Another very important visceral reflex is the gastrocolic reflex. This
normal physiologic response of post-prandial emptying of the colon occurs
gradually as a meal is consumed and colonic contractility increases
progressively over the next 30 to 60 minutes. The reflex is initiated by
specific receptors in the duodenum that respond to the intake of fatty acids
but not liquid alone or nonessential amino acids. Patients who suffer from
irritable bowel syndrome have an exaggerated gastrocolic reflex. Colonic
contractility is not only more forceful but begins sooner than normal. Spastic
contractions occur shortly after a meal is ingested and often peak in
intensity before the meal is complete, causing diarrhea, cramping pain, and/or
bloating. In this centrally initiated reflex, local serotonergic neurons in the
myenteric plexus stimulate propulsive and spastic contractions that at one time
may lead to constipation and at another, diarrhea. Afferent impulses from the
hypercontractile and often distended sigmoid colon initiate reflexes to the CNS
(e.g., headache, a strange feeling in the head), to the bronchial tree
(difficulty in breathing), to the stomach (epigastric distress, indigestion),
and to the abdominal skin (intolerance of constricting garments).

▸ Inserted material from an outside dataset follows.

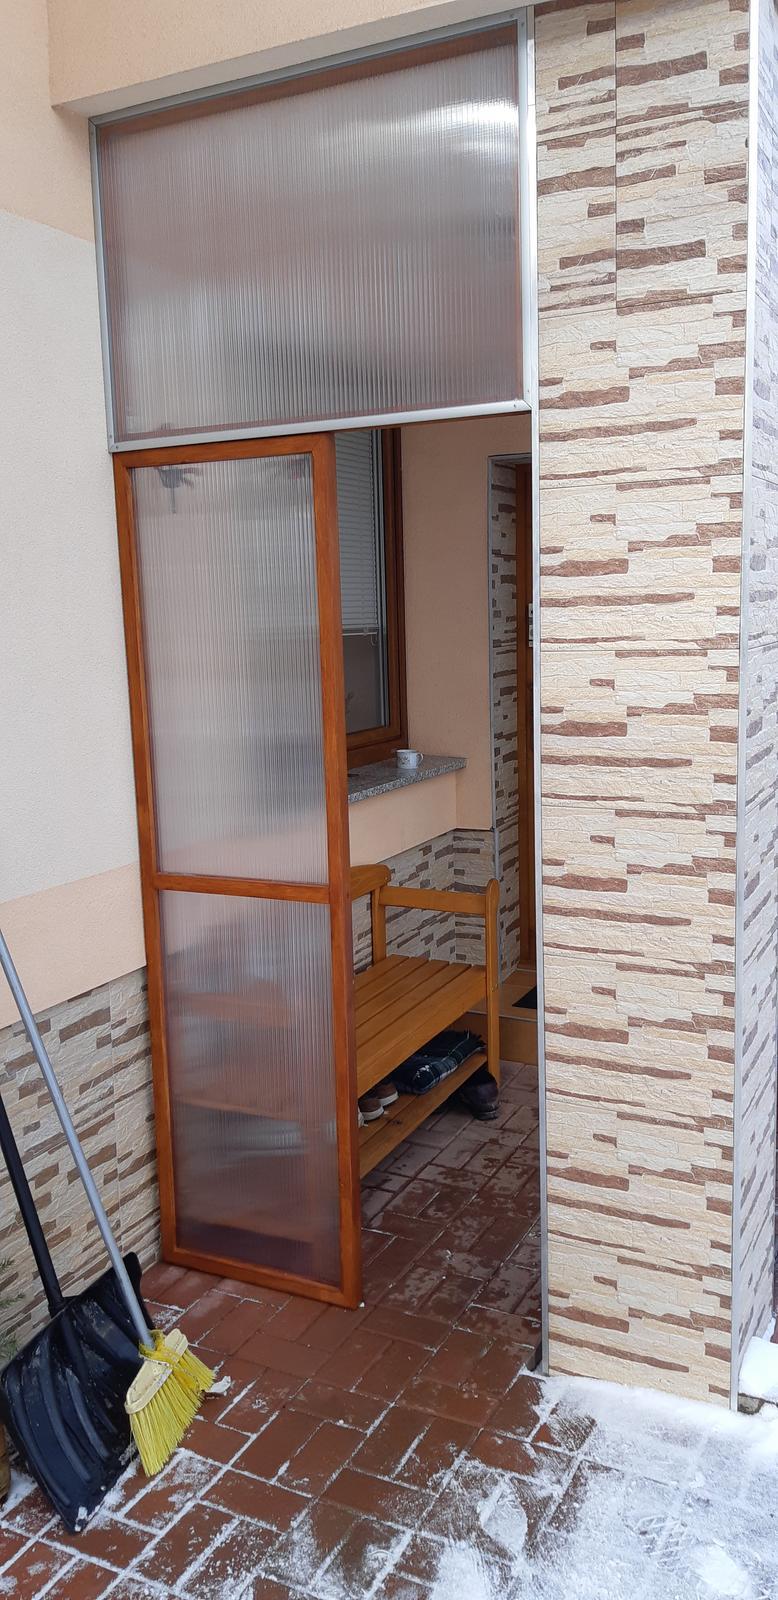 Využitie starých madiel z panelákovych domov - Pribudla ešte jedna odkladacia stienka aby nefukal sneh na topánky do lavičky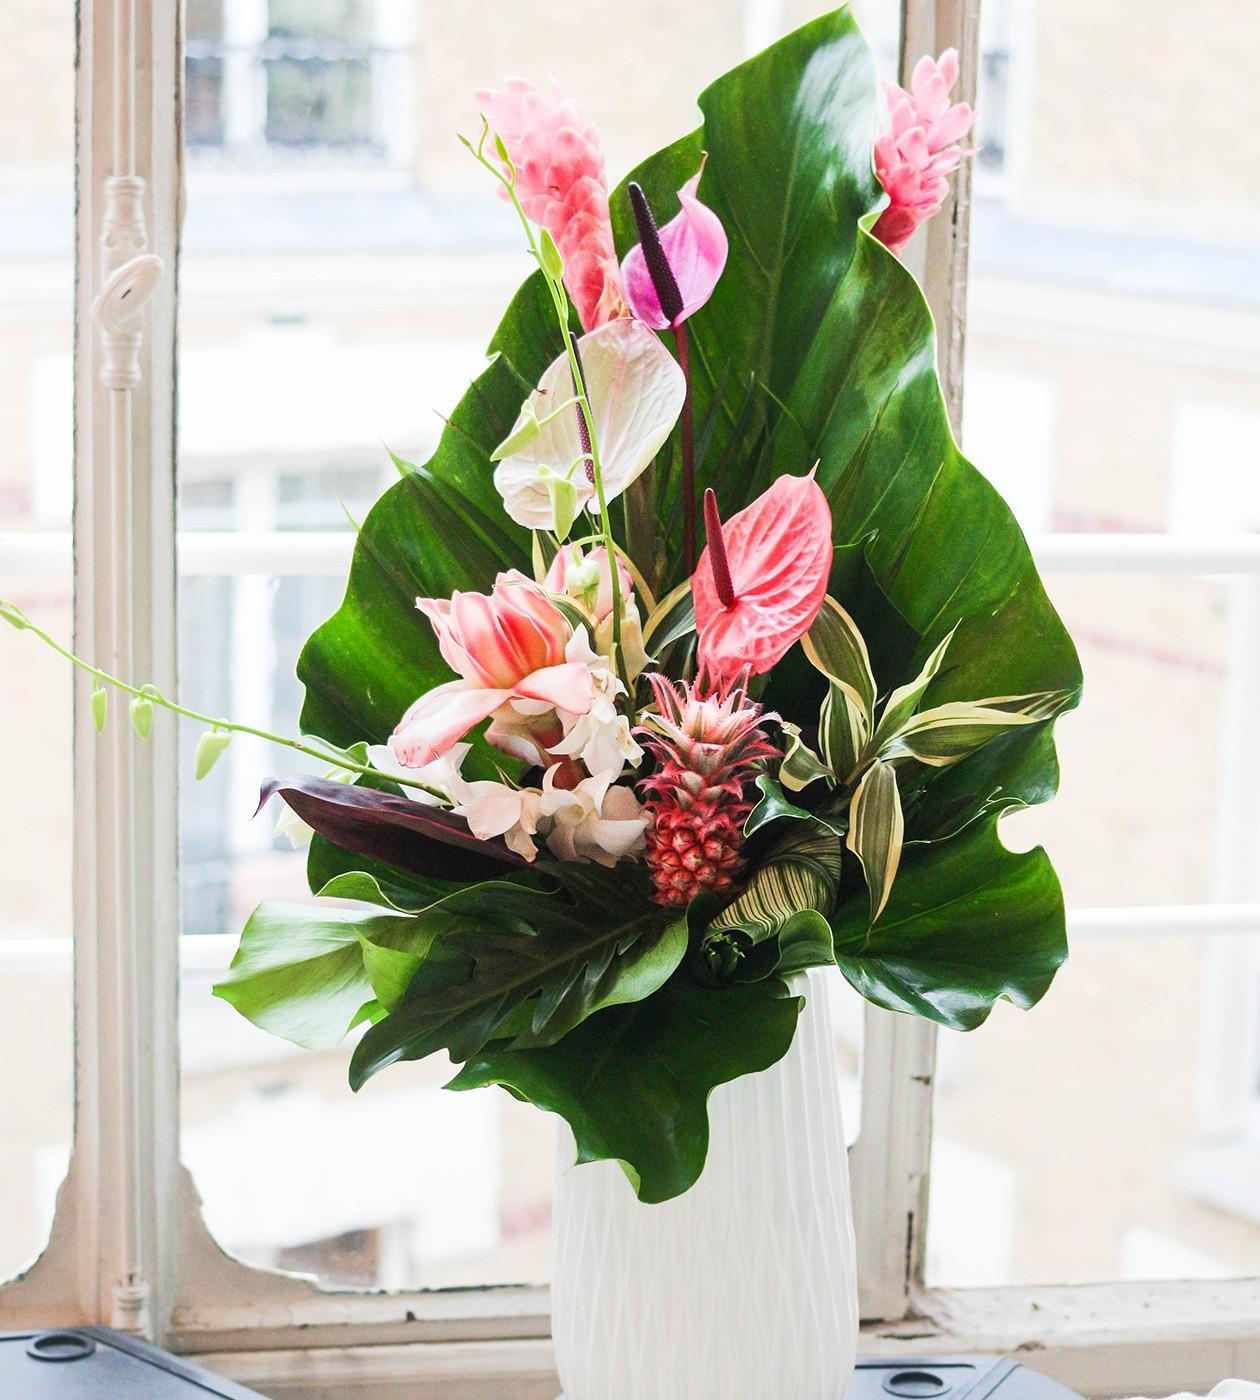 bouquets de fleurs exotiques chics et atypiques

The afferent limb of viscerosomatic reflexes originates from gut
viscera and then affects other visceral and somatic structures; it may involve
sympathetic or parasympathetic nerves. The efferent limb is usually via
parasympathetic nerves. The viscerosensory reflexes result from shared afferent
pathways where C fibers in the dorsal horn that are not myelinated from
visceral organs comingle with somatic afferents in the dorsal horn or spinal
column. They explain the phenomena of “referred pain” and of “skin
hyperalgesia,” which, in the case of sympathetic reflexes, occurs in skin areas
(dermatomes) innervated by the same spinal segment from which the nerve supply
of the diseased viscus is derived.
Unusual and often dangerous viscerosomatic or viscerovisceral reflexes
are commonly encountered. Gas-trointestinal disorders leading to vasovagal
reflexes often lead to syncope in the setting of severe abdominal pain,
extremes of nausea, exposure to particularly noxious substances, and severe
diarrhea. In such settings, visceral “brain-gut” stimuli initiate vagally
mediated hypotension, bradycardia, and diaphoresis. Swallowing syncope, a
related reflex, occurs when a patient experiences an esophageal spasm,
irritation, or distention that leads to vagally induced arrhythmias or
bradycardia and syncope. Gastroesophageal reflux can rarely lead to a similar reflex.